Fig. 7. Necroptosis and autophagy dysregulation are important cell death mechanisms in the Pde6b^atrd2 mouse model of RP.

a Increased numbers of pMLKL positive photoreceptors were observed in Pde6b^atrd2 mutants (scale bar = 25 μm). b Quantification of pMLKL positive photoreceptors per mm² in each retinal section. Wild type combines counts from P14 and P28 retinas from different mice (n = 8 animals in total). All other data points are from individual mice (P14 and P28: n = 4 animals per time point; P16 and P18: n = 3 animals per time point; bars show mean, error bars show SEM; multiple comparisons by 2-way ANOVA *p = 0.027; ***p = 0.0006). c, d Increased level of active pAKT relative to total AKT in retina lysates at P16 (n = 3 wild type and n = 4 mutant animals; bars indicate mean; error bars show SEM; **p = 0.004 by t-test). e Transmission electron microscopy images of wild-type and mutant photoreceptors at P13 showing accumulating autophagosomes in mutants (scale bars = 500 nm; magenta arrowhead indicates outer segment; cyan arrowhead indicates inner segment; yellow arrows indicate autophagosomes; region highlighted in yellow box is enlarged in e_i). f Quantification of autophagosomes per inner segment at P13 and P18 (colours indicate counts from individual mice n = 3 animals for each genotype at each time point, means for each animal overlaid in black; error bars indicate SEM; for each time point, means for individual mutant and wild type animals were compared by unpaired t-tests *p = 0.034, **p = 0.007). g Accumulation of p62 in Pde6b^atrd2 photoreceptor inner segments at P14 and P16 (scale bar = 10 μm). h Quantification of p62 puncta in inner segment. (Symbols indicate counts from individual mice; n = 3 animals per genotype at each time point; error bars show SEM; for each time point, means for individual mutant and wild type animals were compared by unpaired t-tests *p = 0.026 (P14), p = 0.015 (P16)). i– k p62 and p-p62 (S403) levels are increased in mutant retina lysates at P16 (bars indicate the mean; n = 3 mice per genotype; error bars show SEM; *p = 0.04, **P = 0.009 by unpaired t-test). Source data are provided as a Source Data file.

Fig. 8. Mitochondrial stress develops in Pde6b^atrd2mutant photoreceptors.

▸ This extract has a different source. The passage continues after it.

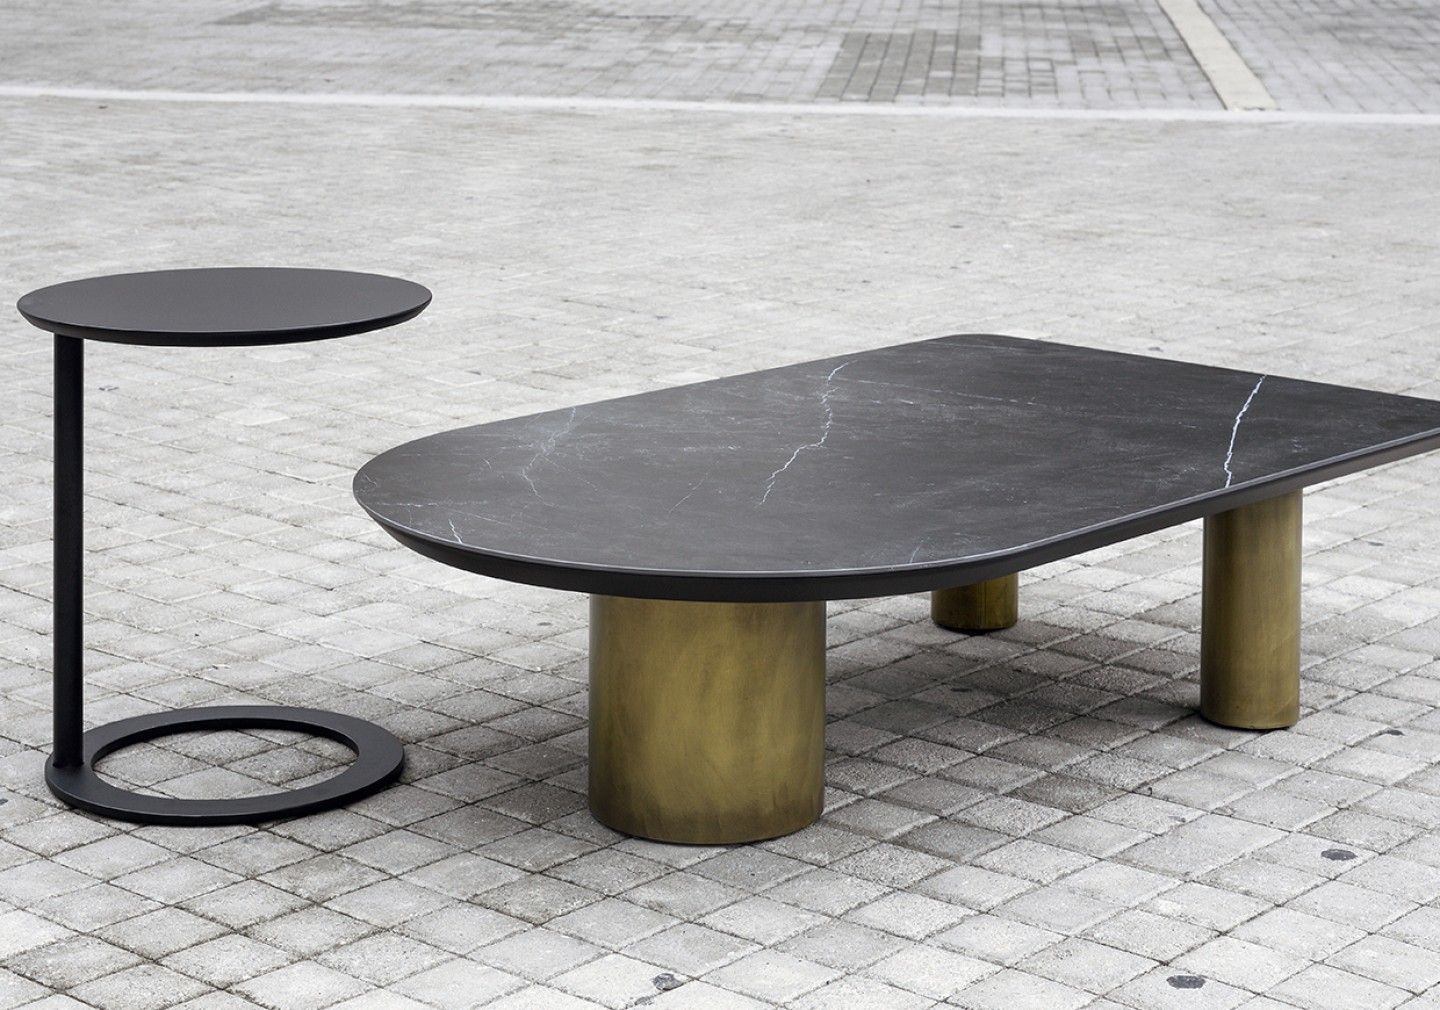 THE NORA COFFEE TABLE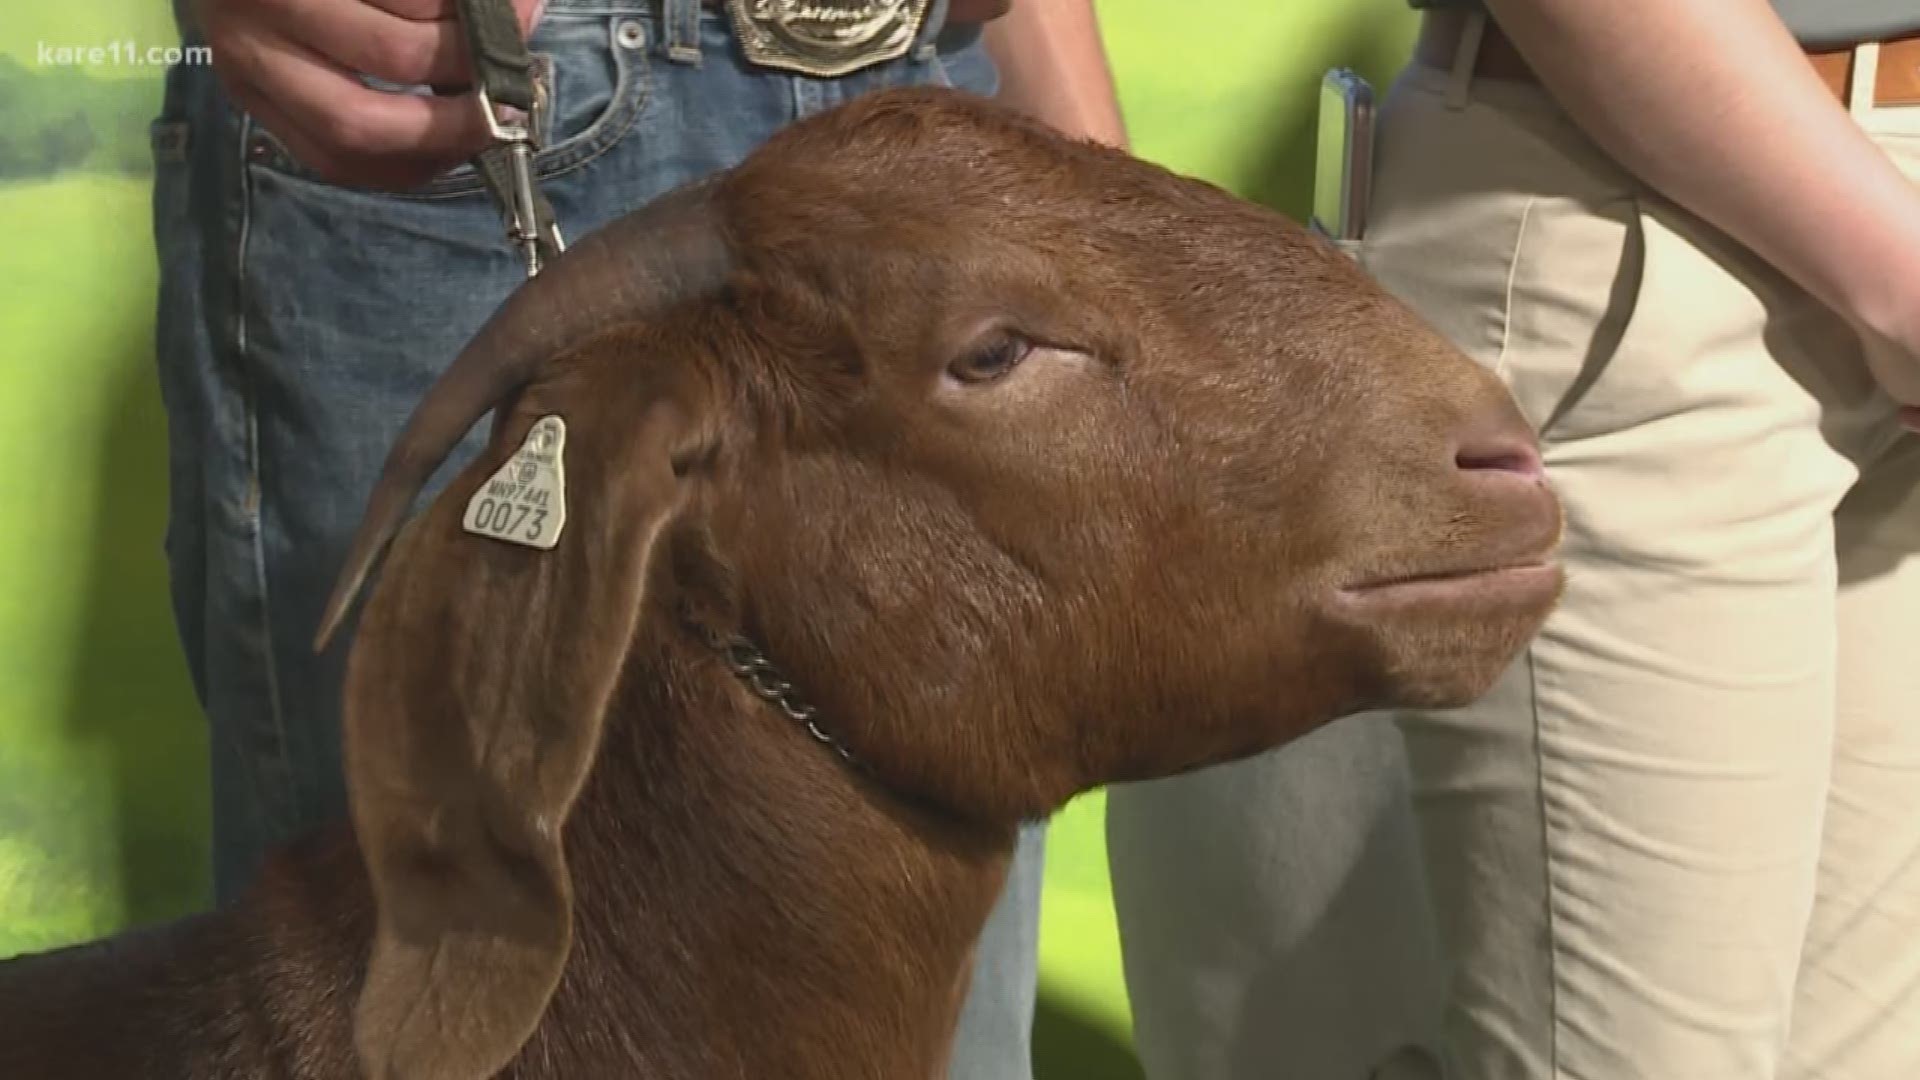 Four members of the FFA bring their animals to the KARE 11 Barn at the Minnesota State Fair.

a Transmission electron microscopy images of mutant and wild-type photoreceptor inner segments show mitochondrial swelling in Pde6b^atrd2 mutant photoreceptors (yellow arrowheads) at P13 and P18. Large autophagosomes are also present in Pde6b^atrd2 photoreceptor inner segments at P13 (magenta arrowheads) (yellow boxed regions enlarged in right-hand panels; scale bars = 500 nm). b VDAC1 expression is increased in mutant photoreceptor inner segments at P14 compared to wild-type littermate controls (scale bar = 25 μm). c Quantification of VDAC1 puncta at P14 (n = 3 wild type animals and n = 4 mutant animals); error bars show SEM; *p = 0.048 by unpaired t-test. Source data are provided as a Source Data file.